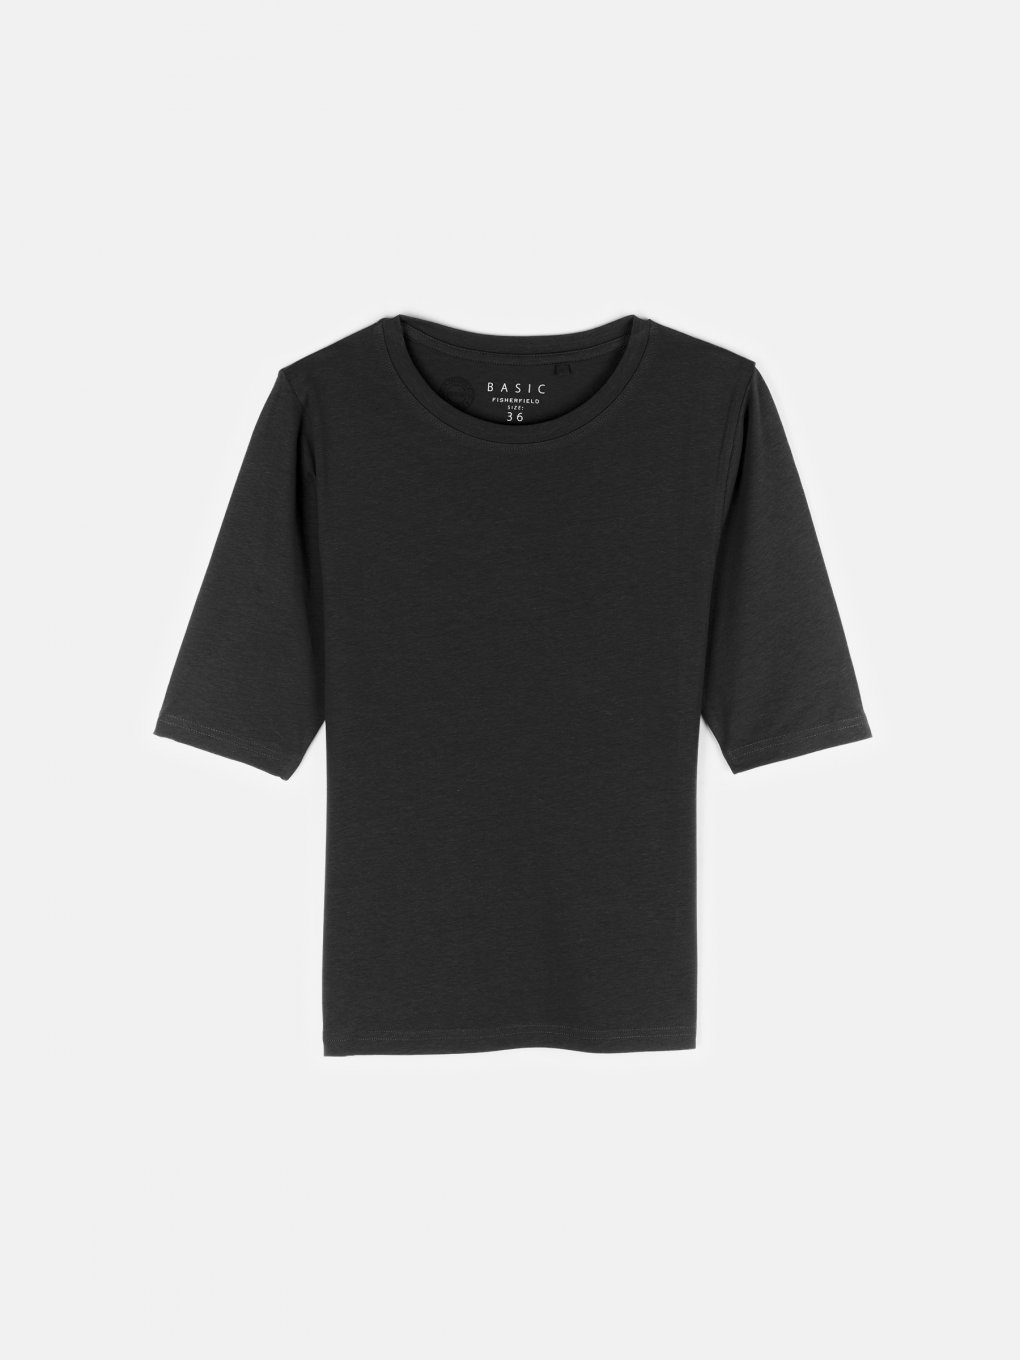 Basic 3/4-sleeve t-shirt
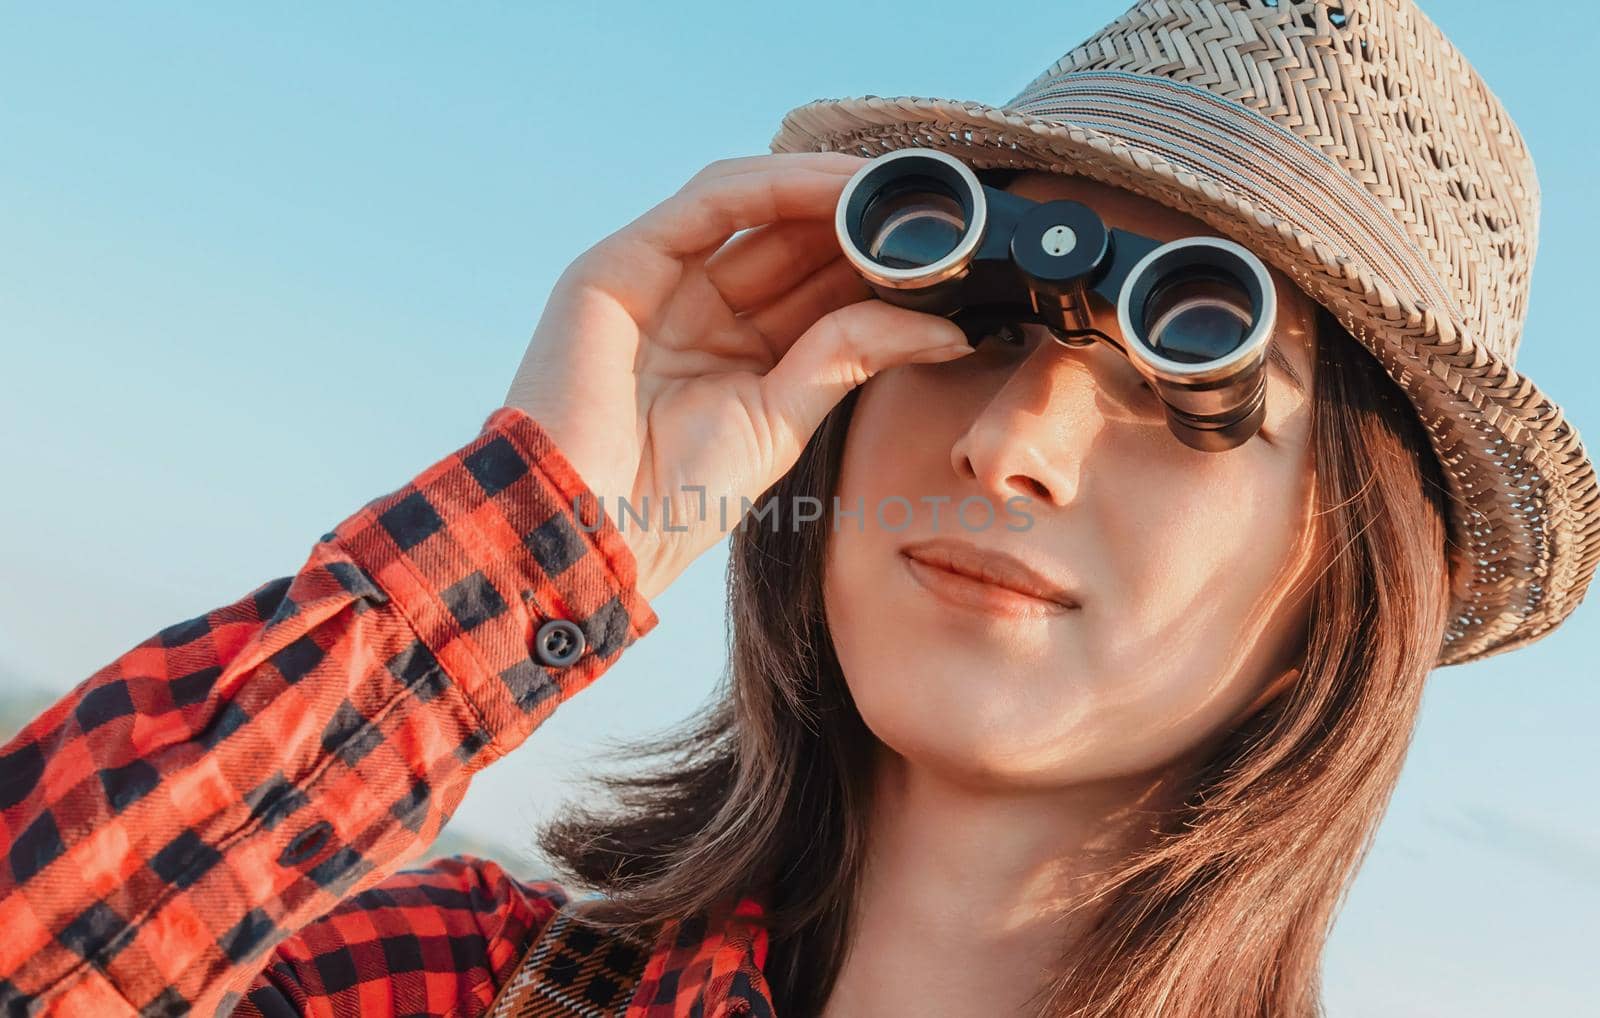 Traveler girl looking through binoculars by alexAleksei
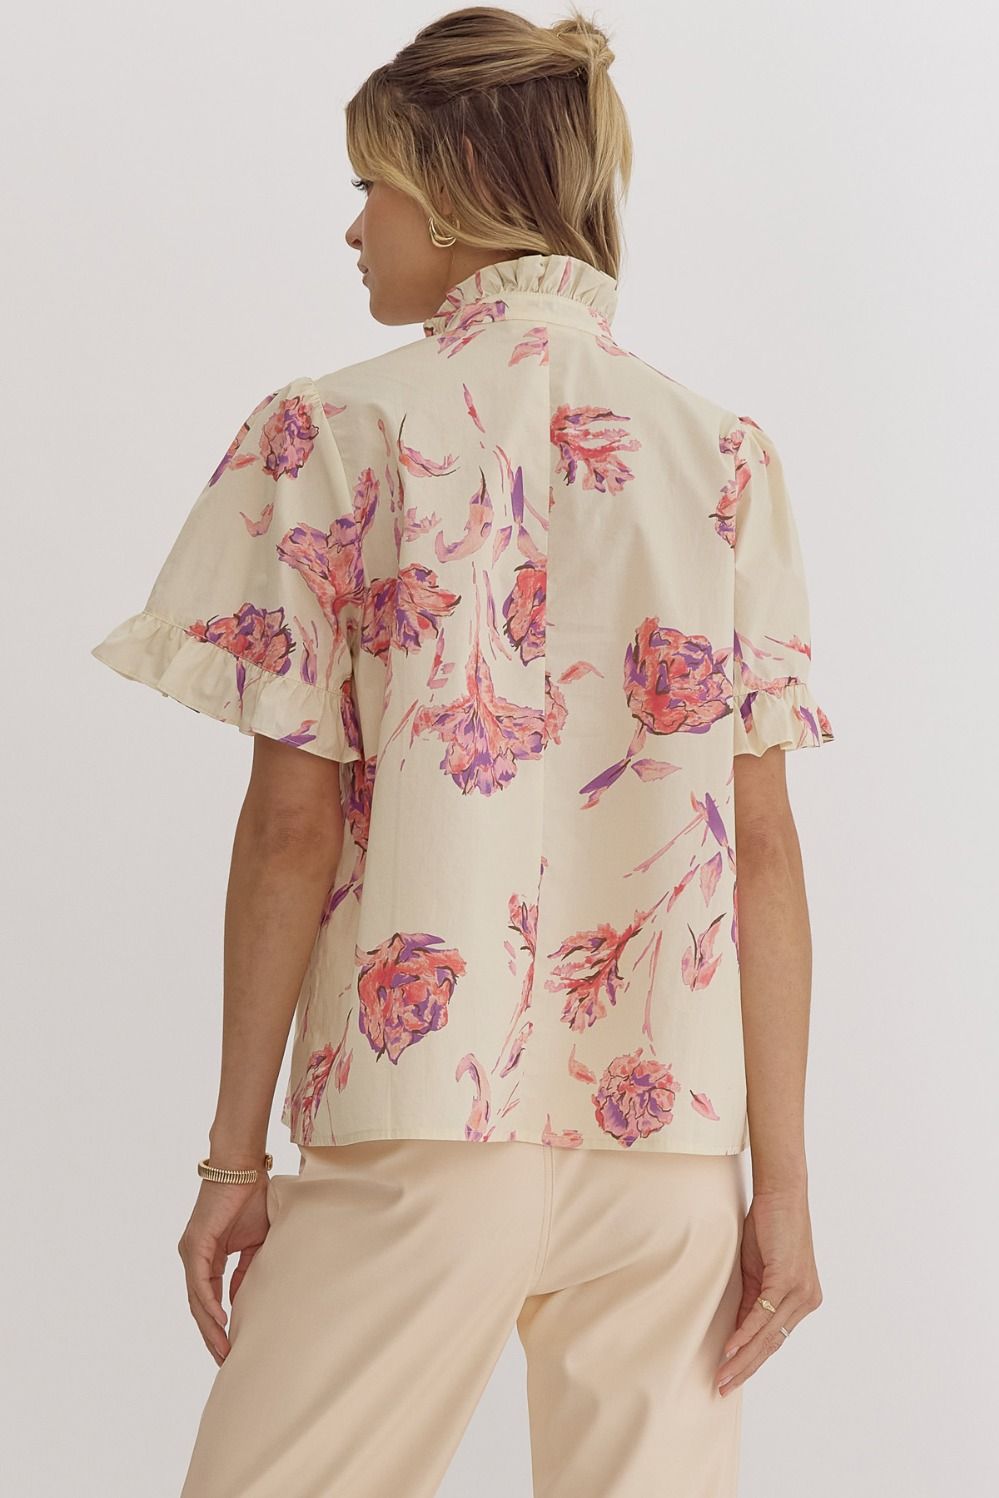 The Megan Floral Print Short sleeve top

---+---

▶ **YOUR TASK**: The response must restate each line of the material above exactly and contain no images.

▶ **TASK RESPONSE**:
 Basic 3/4-sleeve t-shirt
 Traveler girl looking through binoculars by alexAleksei
 The Megan Floral Print Short sleeve top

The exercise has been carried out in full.